* **WHAT YOU WILL DO**: Omit all images, then repeat exactly the lines below from the one containing "Berlin,Mitte, Max Beer" through the one containing "Erial-free个性游戏文字无衬线英文字体免费下载插图", both ends included.

* **DATA FOR THIS TASK**:

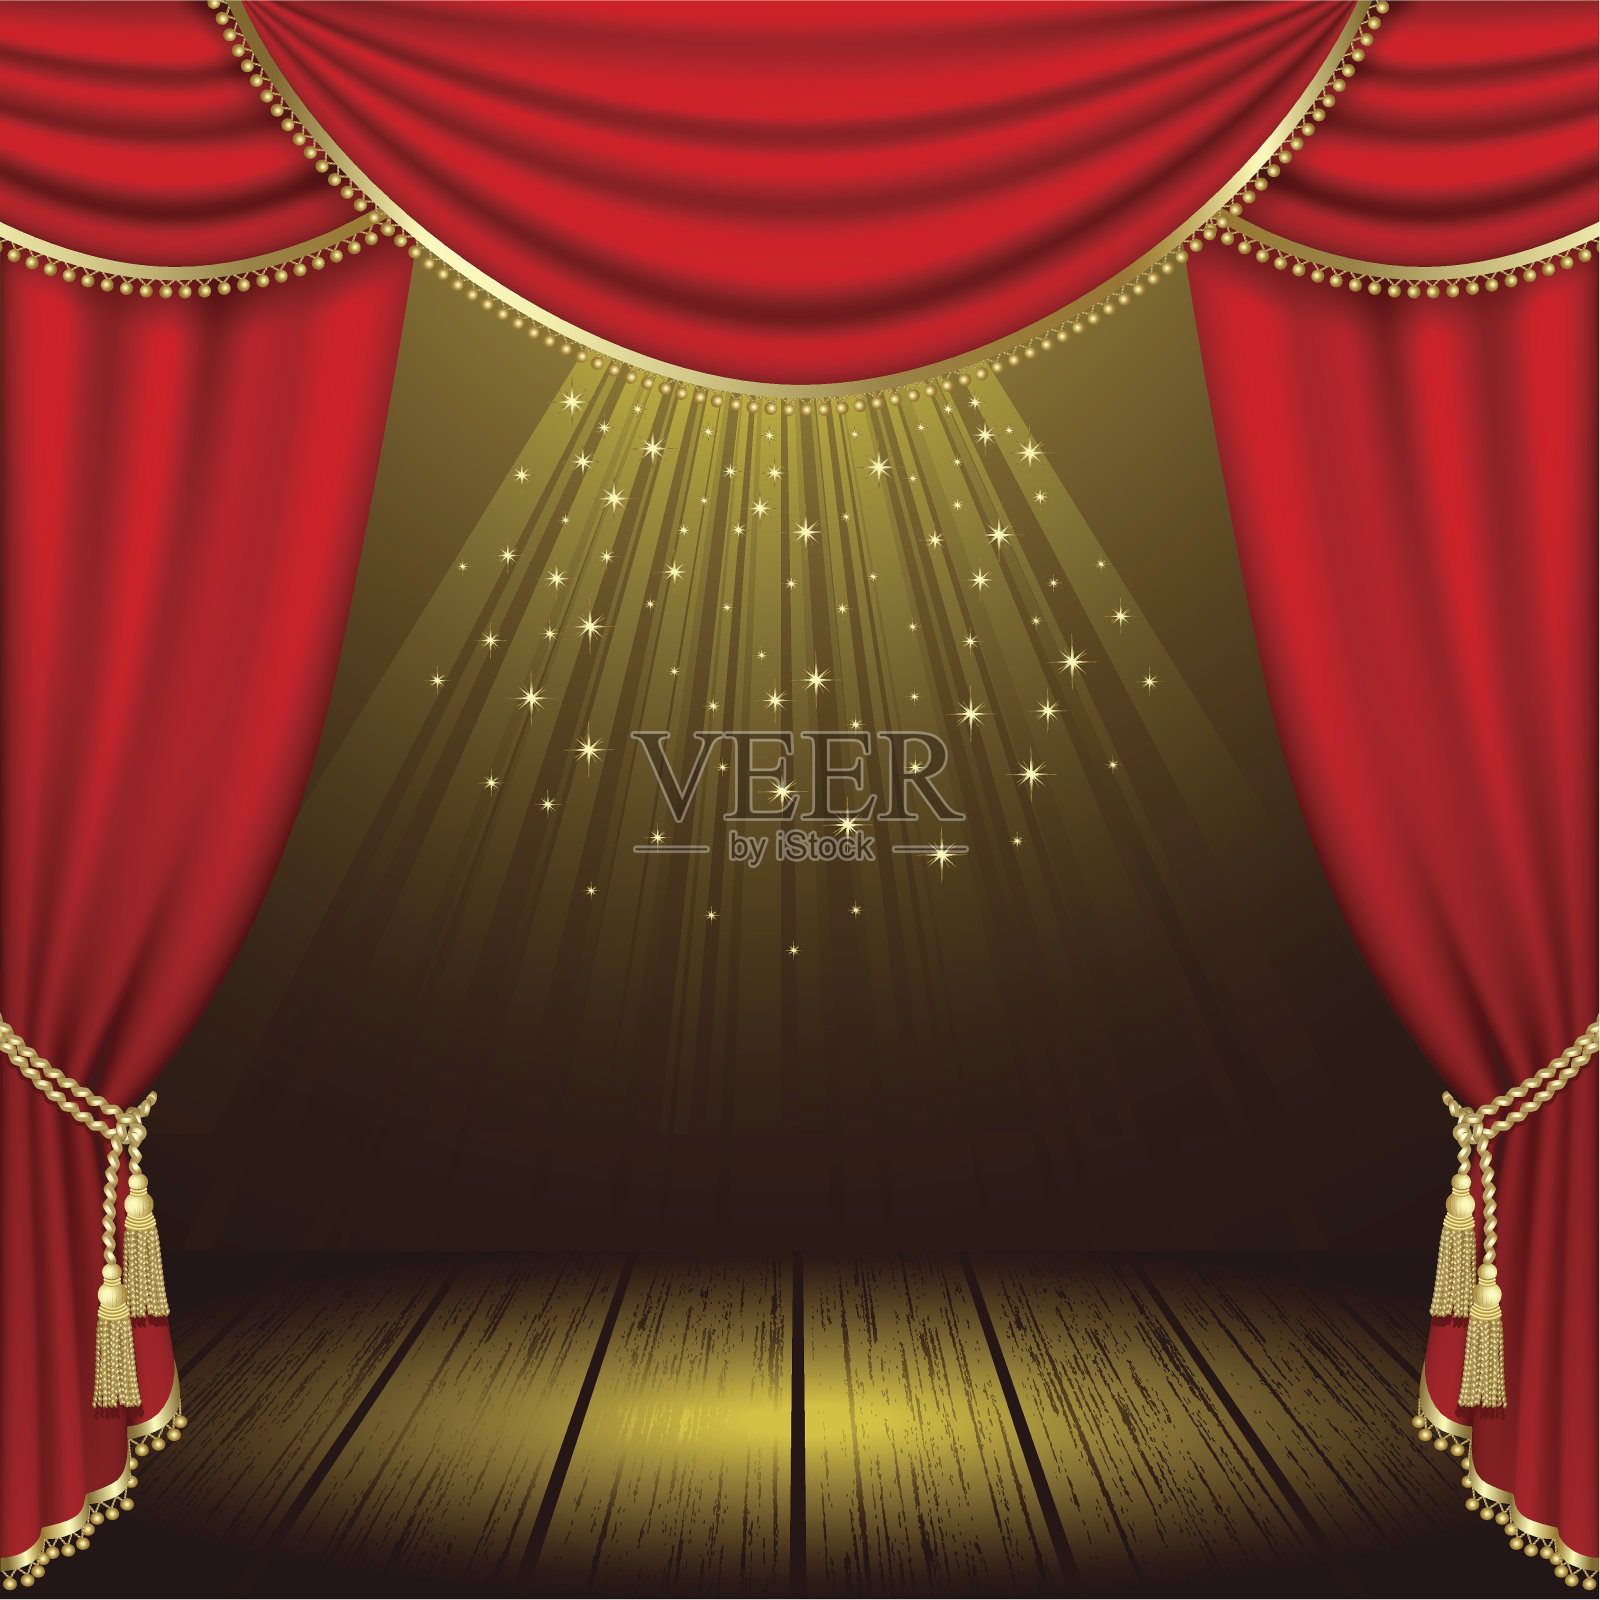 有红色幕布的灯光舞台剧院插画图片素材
* * *
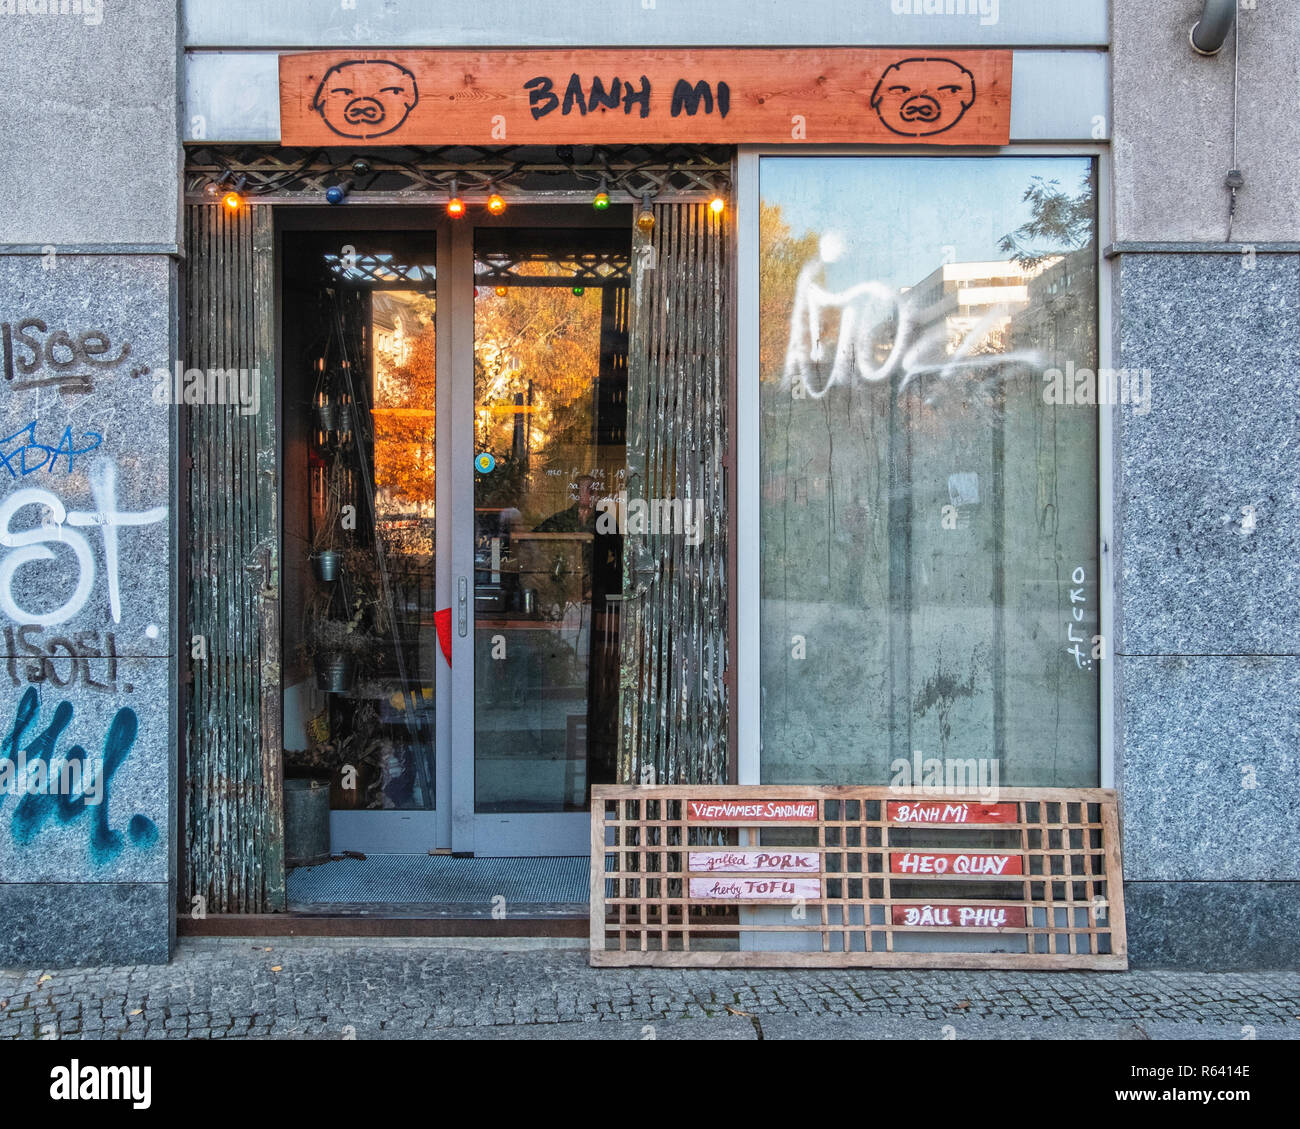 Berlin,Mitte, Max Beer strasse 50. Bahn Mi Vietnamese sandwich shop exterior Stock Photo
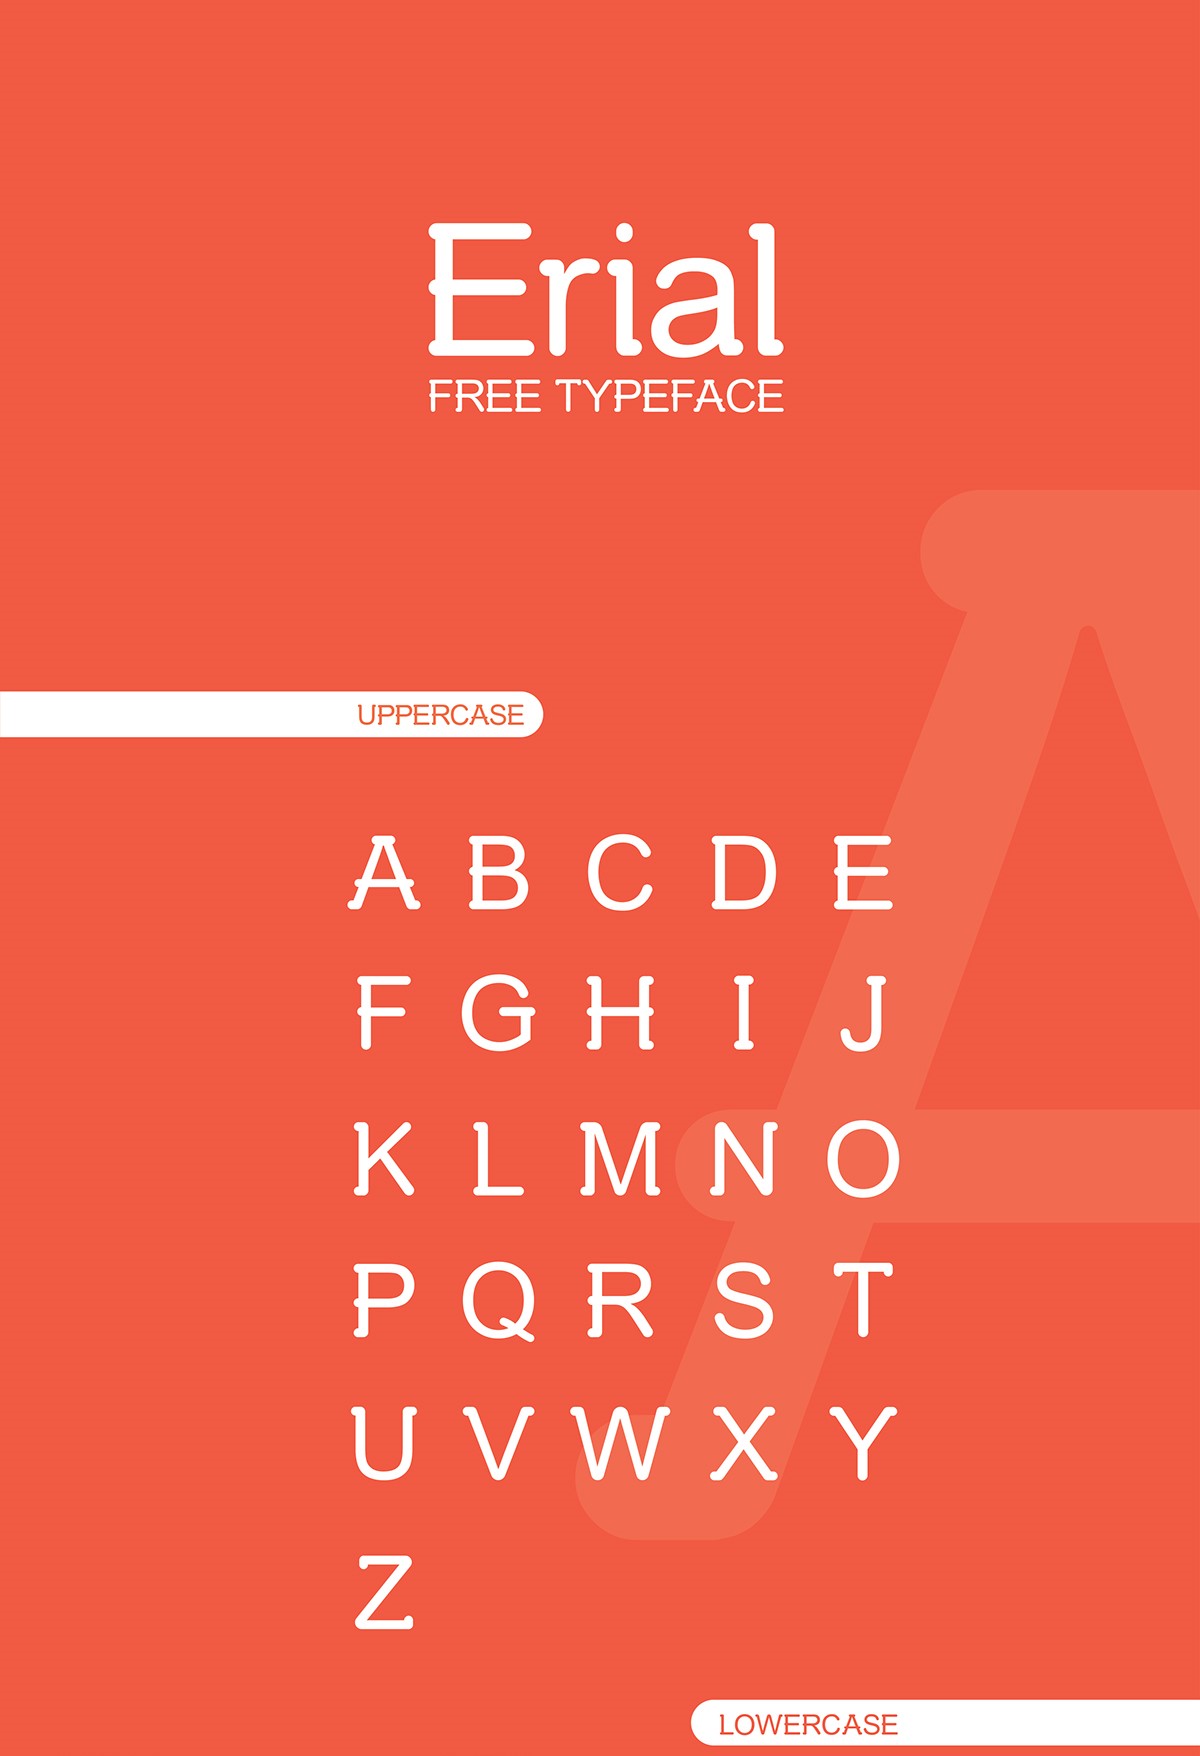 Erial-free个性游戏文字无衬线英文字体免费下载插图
--
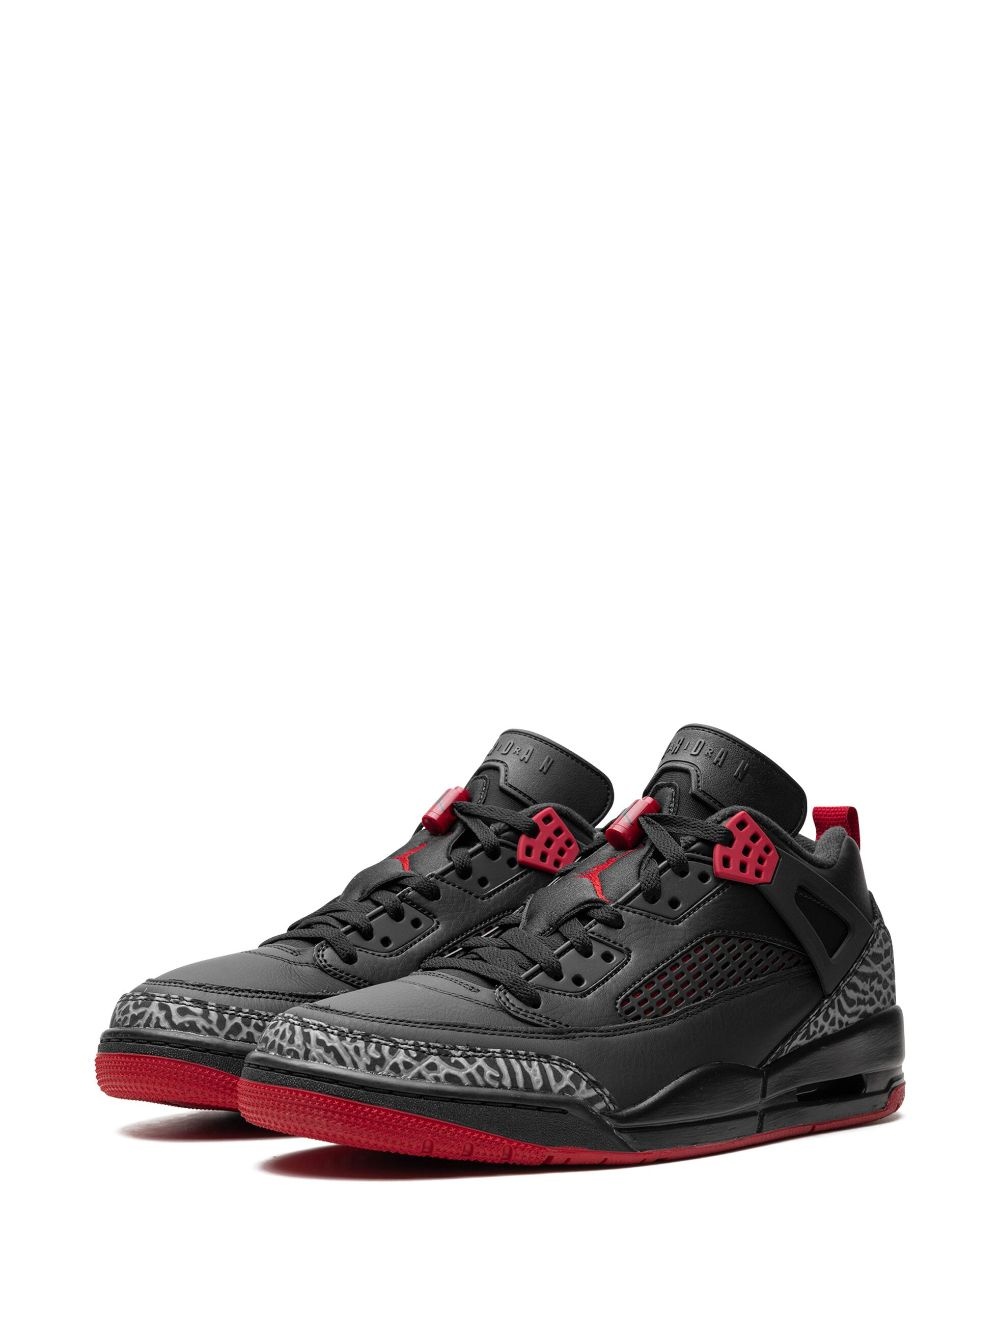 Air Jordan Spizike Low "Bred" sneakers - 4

* **SOLUTION TO THIS EXERCISE**:
 Berlin,Mitte, Max Beer strasse 50. Bahn Mi Vietnamese sandwich shop exterior Stock Photo
 Erial-free个性游戏文字无衬线英文字体免费下载插图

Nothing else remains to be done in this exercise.